Babbitt column | Thinking about blockchain from the perspective of database

I. Introduction

Many newcomers don't understand what the blockchain is. They don't understand why it can be hooked up with Bitcoin, hooked up with invoices, hooked up with banks, supply chain finance, and even hooked up with deposit certificates. If you go to the book to find the definition of the blockchain, it is difficult to understand.

I am here to provide a way to understand, from the perspective of the database to understand the blockchain, I think it is a good angle.

Second, bitcoin

Take Bitcoin as an example. One of the questions that many newcomers often ask me is: What exactly is Bitcoin?
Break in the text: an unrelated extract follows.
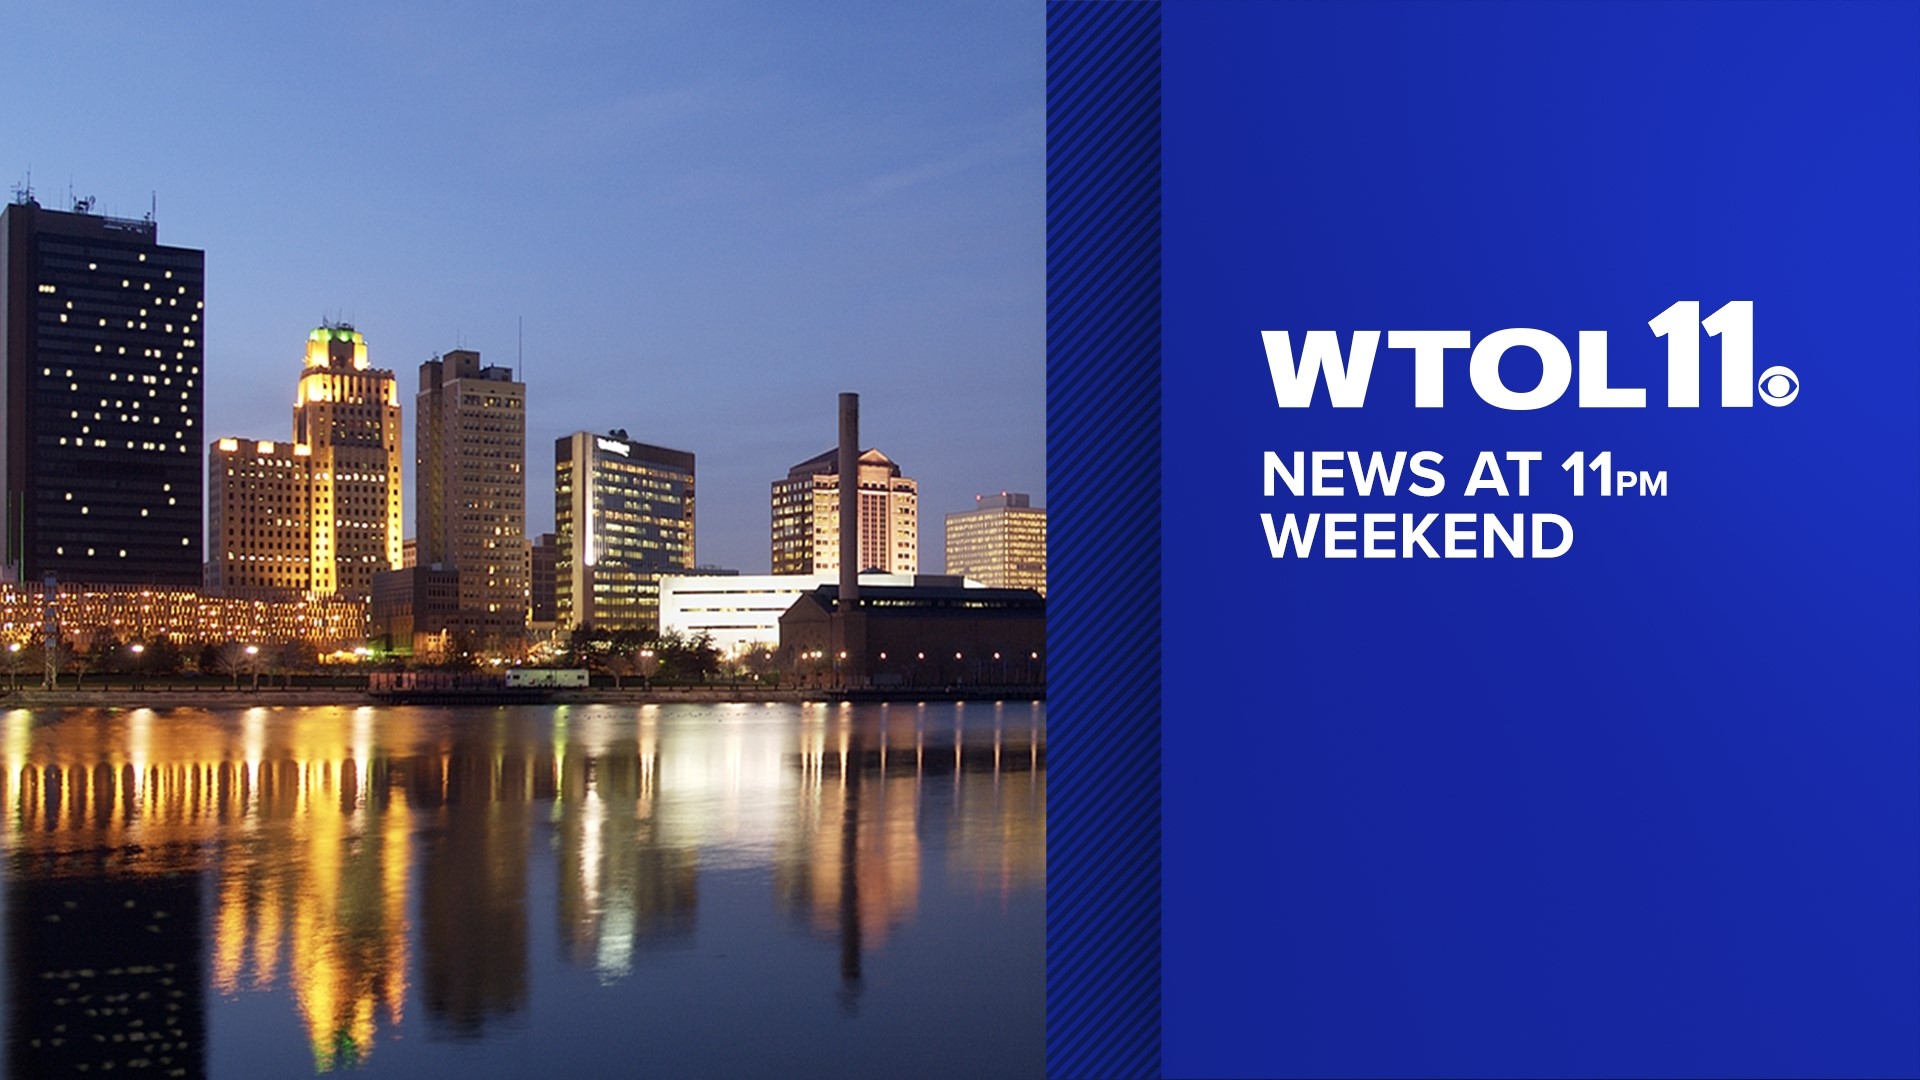 The weekend news team presents a comprehensive look at the news events of the day, as well as updates on local weather conditions and rush-hour traffic.

Is it tangible or intangible? If it is an intangible thing, how does it bear the value function of trading and transfer?

If we explain bitcoin from the perspective of consensus, social recognition, etc., it can be magnanimous and empty. If we understand it from the perspective of the database, it is much more specific.

Every time a friend asks me this question, I will answer this question: Bitcoin currently has a data size of several hundred G for the whole node. These hundreds of G data are the carriers of Bitcoin. You can simply understand the data. Into bitcoin, every bitcoin transaction, transfer, the essence is the change of these data.

Third, understand the blockchain from the database

The term blockchain extends from bitcoin. The so-called blockchain, understood from a technical perspective, is the block + chain data structure.

A block is roughly composed of the following parts: transaction, block structure, and random number. The division between the block and the block is neither through the time nor the number of transactions in the block, nor through the size of the block, but the random number is calculated by the proof of the workload. If you calculate the random number within 1min, then it is 1min out of a block; if the next block is to calculate a random number within 30min, then the next block is 30min later. That is to say, between the block and the block, it is divided by the POW workload proof. With POW, there is a block! Without a POW, there is no block! Without blocks, there is naturally no blockchain!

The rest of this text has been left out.